Abraham Wheelock (1593 in Whitchurch, Shropshire – 25 September 1653) was an English linguist. He was the first Cambridge professor of Arabic.

==Cambridge==
He graduated MA from Trinity College, Cambridge in 1618, and became Fellow of Clare College, Cambridge in 1619. He was the first Adams Professor of Arabic at the University of Cambridge, from around 1632. According to Robert Irwin, he regarded it as part of his academic duty to discourage students from taking up the subject. Thomas Hyde was one of his pupils.

==Clergyman==
He was ordained deacon in the Church of England by the Bishop of London in 1619 and priest by the Bishop of Peterborough in 1622. He served as vicar of St Sepulchre's, Cambridge, from 1622 to 1642, of Passenham, Northamptonshire, in 1626–27, and of Middleton, Norfolk.

==Librarian==
Wheelock was appointed librarian of the "Public Library" (i. e. Cambridge University Library) in 1629, and was also Reader in Anglo-Saxon. In 1632 he oversaw the transfer of Thomas van Erpe's collection of oriental books and manuscripts to Cambridge University Library from the family of the 1st Duke of Buckingham who had bought it before the latter's death in 1628. This brought with it the collection's first book in Chinese.

==Editor==
Wheelock produced the editio princeps of the Old English version of Bede's Ecclesiastical History of the English People and the Anglo-Saxon Chronicle (1643–1644). In the same work he published an important edition – and the first in England – of Bede's Ecclesiastical History in its original Latin text, opposite the Old English version, along with Anglo-Saxon laws. Many of the notes in this consist of the Old English homilies of Aelfric of Eynsham, which Wheelocke translated himself into Latin. In the following year (1644), the London publisher Cornelius Bee put out another, enlarged edition, which included an updated version of William Lambarde's legal text "Archaionomia." This text was probably a collaboration between Wheelock and his friend Sir Roger Twysden.
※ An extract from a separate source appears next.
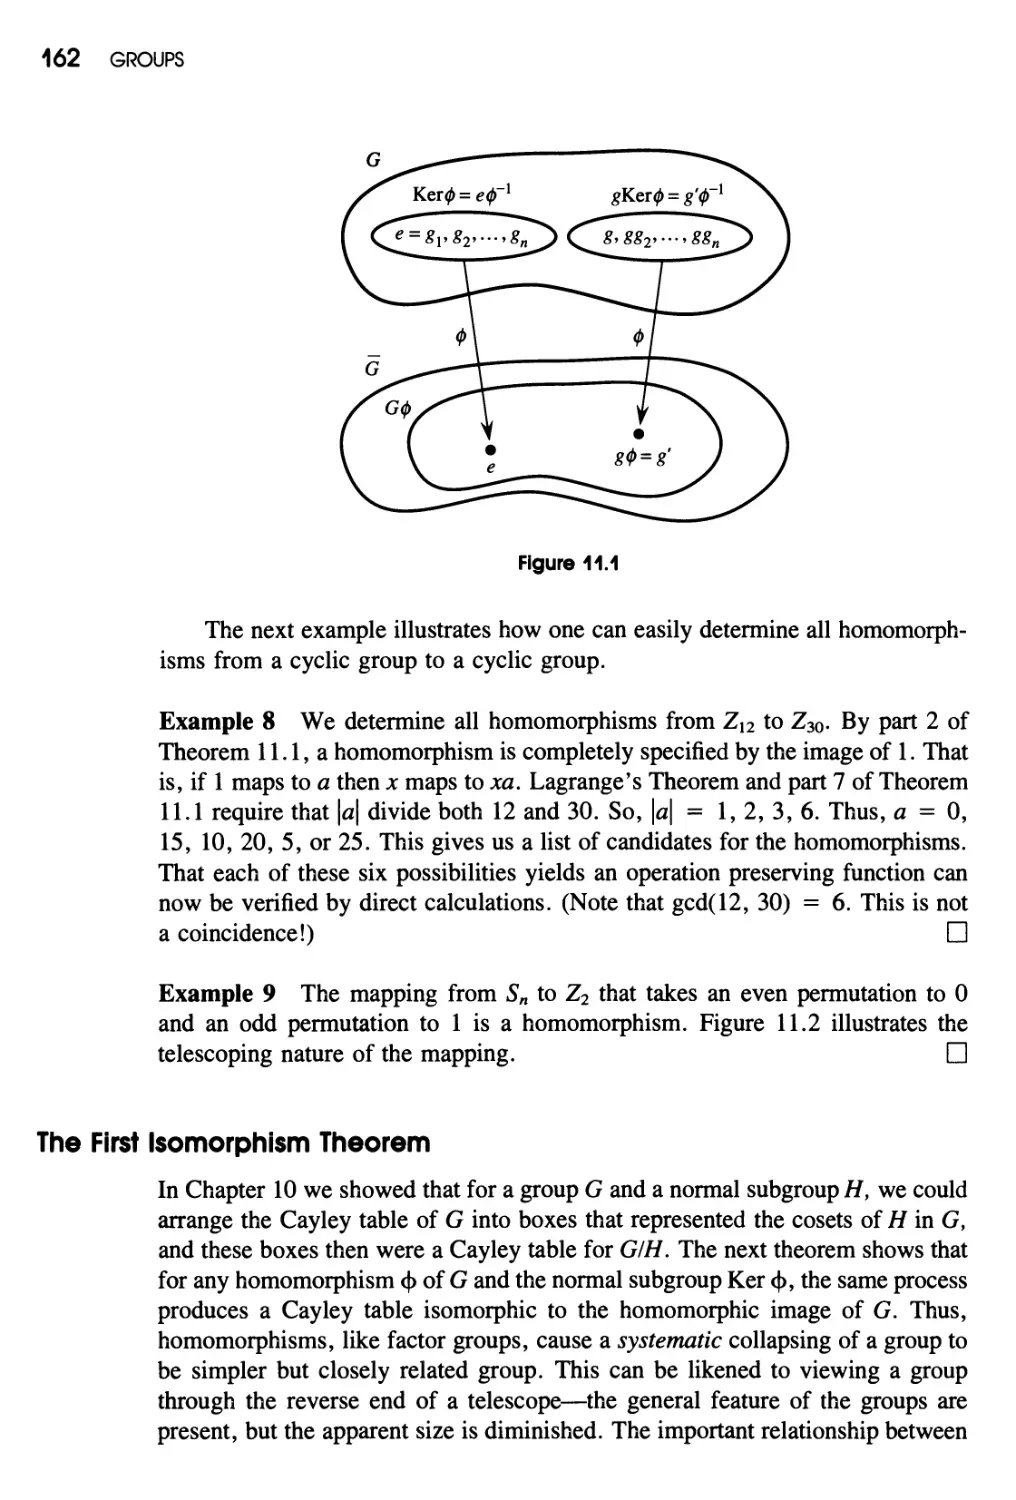 The First Isomorphism Theorem
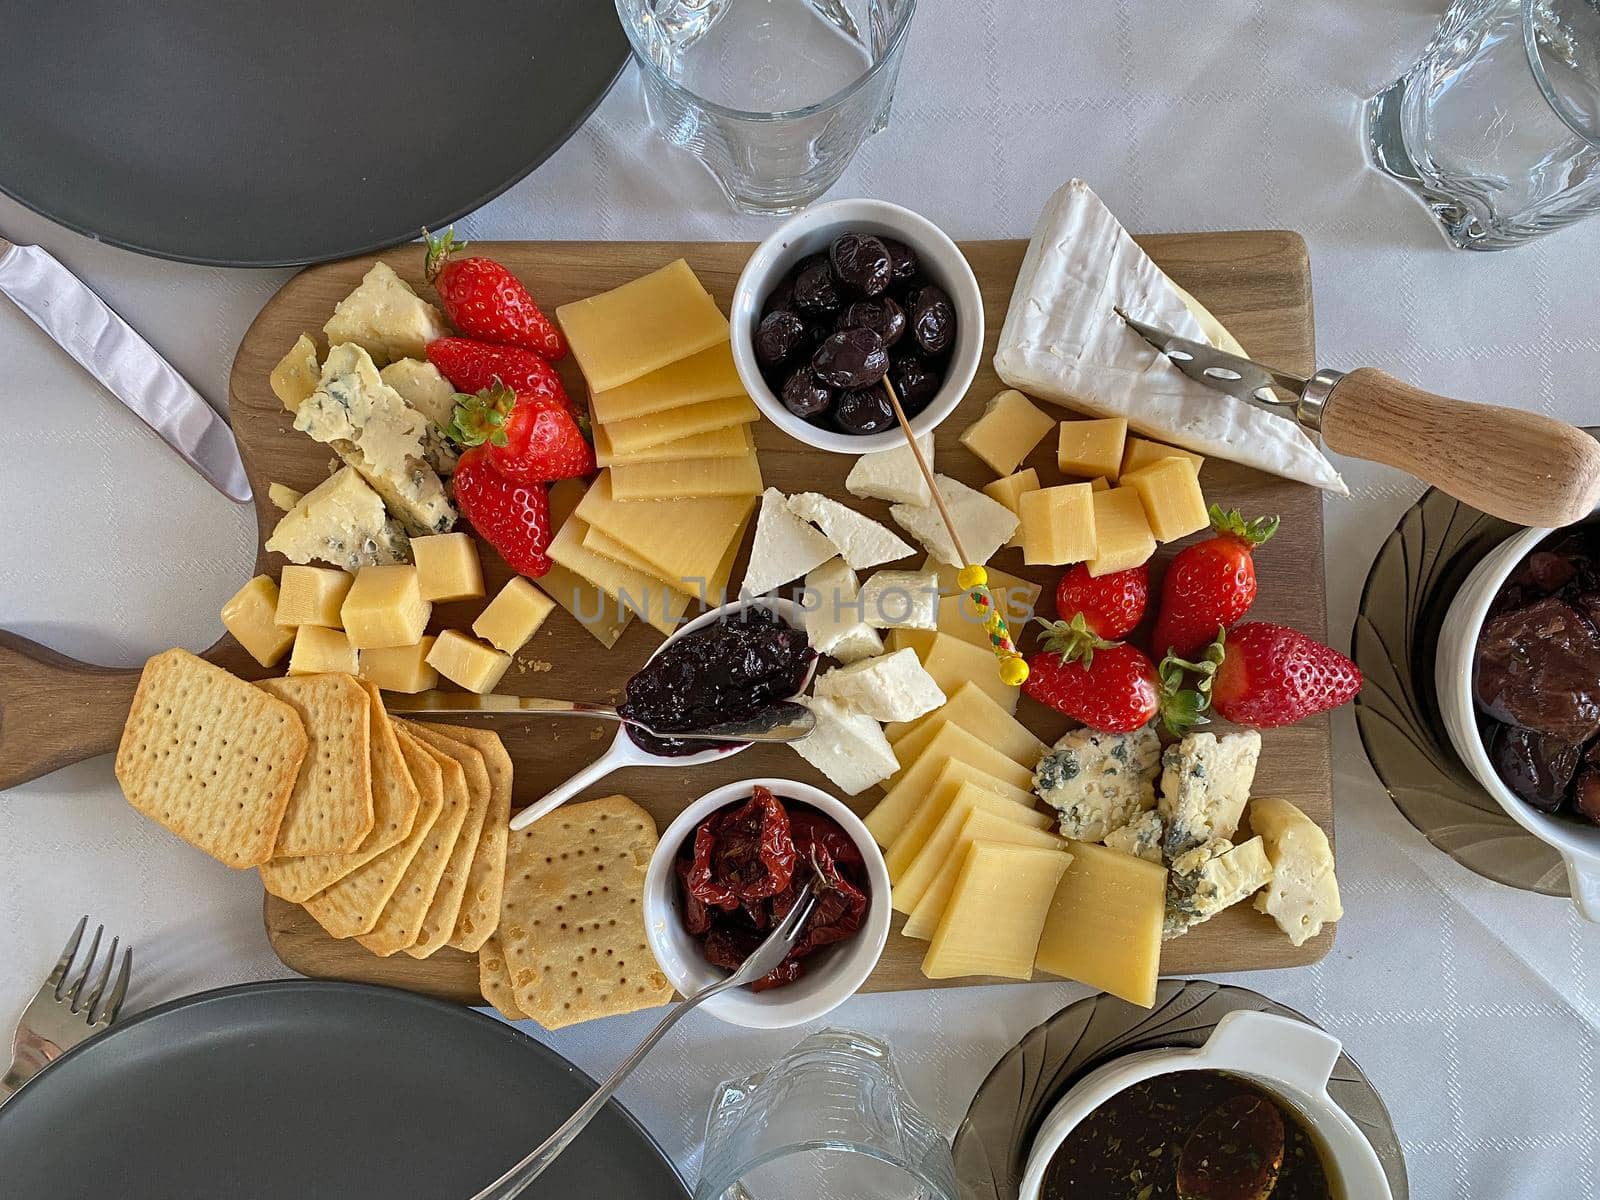 Cheese plate with camembert, brie, dor blue, strawberries, sun-dried tomatoes, olives on a wooden table, top view.

Quatuor evangeliorum domini nostri Jesu Christi versio Persica Syriacam & Arabicam suavissimè redolens was a trilingual version of the Four Gospels, published in the same year as the London Polyglot, to which he also contributed.

==Personal life==
Wheelocke married in 1632 Clemence Godd. He was believed by Venn to be probably father of Ralph and Gregory Wheelock (sic) who respectively entered Cambridge in 1645 and 1649.